Artists are discouraged from talking about their day jobs. We’re supposed to pretend that we’re these bohemians, happy to live on the edge, to sacrifice everything for our art. To want nice things, to love shopping, to want to be happy and comfortable, is the part we’re not supposed to say out loud. Similarly, the flip side of the usual transition narrative—the brave person who finds herself—is that this act of self-discovery takes place against a backdrop of online shopping and the drugstore makeup aisle. Because, in capitalism, everything does: There is no space outside of Rite Aid. But to admit that our personal expression is facilitated by commerce seems like it would somehow detract from the “purity” or “bravery” of the expression itself.    

Sometimes when I think too hard about what it means to be a “political” artist, I get depressed. What’s the point of all this representation, when faced with a world that, in my lifetime, has only ever gotten worse? But I watch Pau’s videos and listen to her voice, and I recognize something in my own experience there. I believe that art can give us things that the traditional sphere of political action cannot. Politics demands action and change; activism tends to divide the world into good and bad objects in order to pursue a political goal. Images are ambiguous. Images can be two opposite things at once, without the demand for resolution. A bright color can simultaneously connote both Rite Aid and the promise of freedom, play, or self-determination, without hierarchy or judgment. Art can help explain the contradictions that structure our lives and govern our choices.

We’re surrounded by a sea of cheap plastic toys, the legacy of a world dominated by opportunistic men who filled the city with identical box-shaped stores and minimum-wage jobs. We have to see and understand the cheapness of the world if we’re going to act within it, we can’t look away. Because, if we yearn for freedom, we might as well find some scrap of it in Rite Aid. Where else is there to look? If we’re lucky, the act of playing with cheap toys and bright makeup, the immediacy of these objects, might ripple out and transform our lives in unexpected ways. “And it begins with color, splashed across the body.”


Notes:

1. Alejandra Reyes-Velarde and Samantha Masunaga, “Thrifty Ice Cream—a Portal to Childhood—Is Being Sold to Albertsons. What Does That Mean for Its Future?” Los Angeles Times, May 18, 2018.

2. Chris Nichols, “How Thrifty Ice Cream Became a SoCal Institution,” Los Angeles Magazine, November 4, 2020.

3. George White, “Rite Aid to Buy Thrifty Chain for $2.3 billion,” Los Angeles Times, October 15, 1996.

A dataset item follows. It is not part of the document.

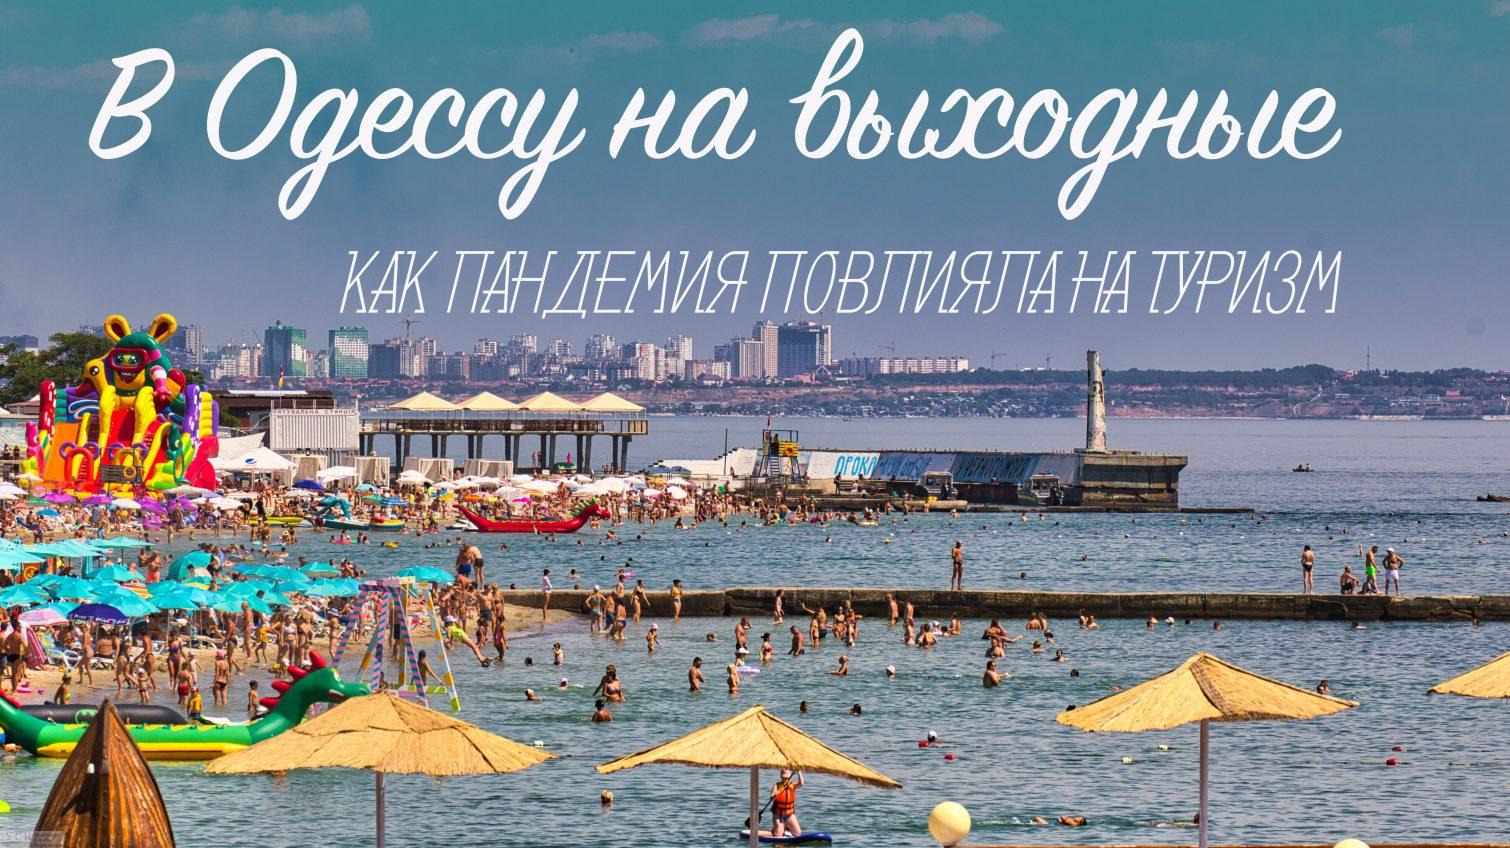 «В Одессу на выходные»: как пандемия повлияла на туризм «фото»

4. “If one says ‘Red’ (the name of a color) and there are 50 people listening, it can be expected that there will be 50 different reds in their minds.” Josef Albers, The Interaction of Color (New York: Yale University Press, 1963), 3.

5. Ibid.

6. “No signifier is truly arbitrary, and though the meanings of colors are not permanently fixed, they contain, and are in fact formed through the layering of contested, ideological histories of content. Social, economic and political pressure coalesce into form, and at some point, petrify into a generally accepted vocabulary.” Kevin Yuen Kit Lo, “The Propaganda of Pantone: Color and Cultural Sublimation,” Loki Design, 2016.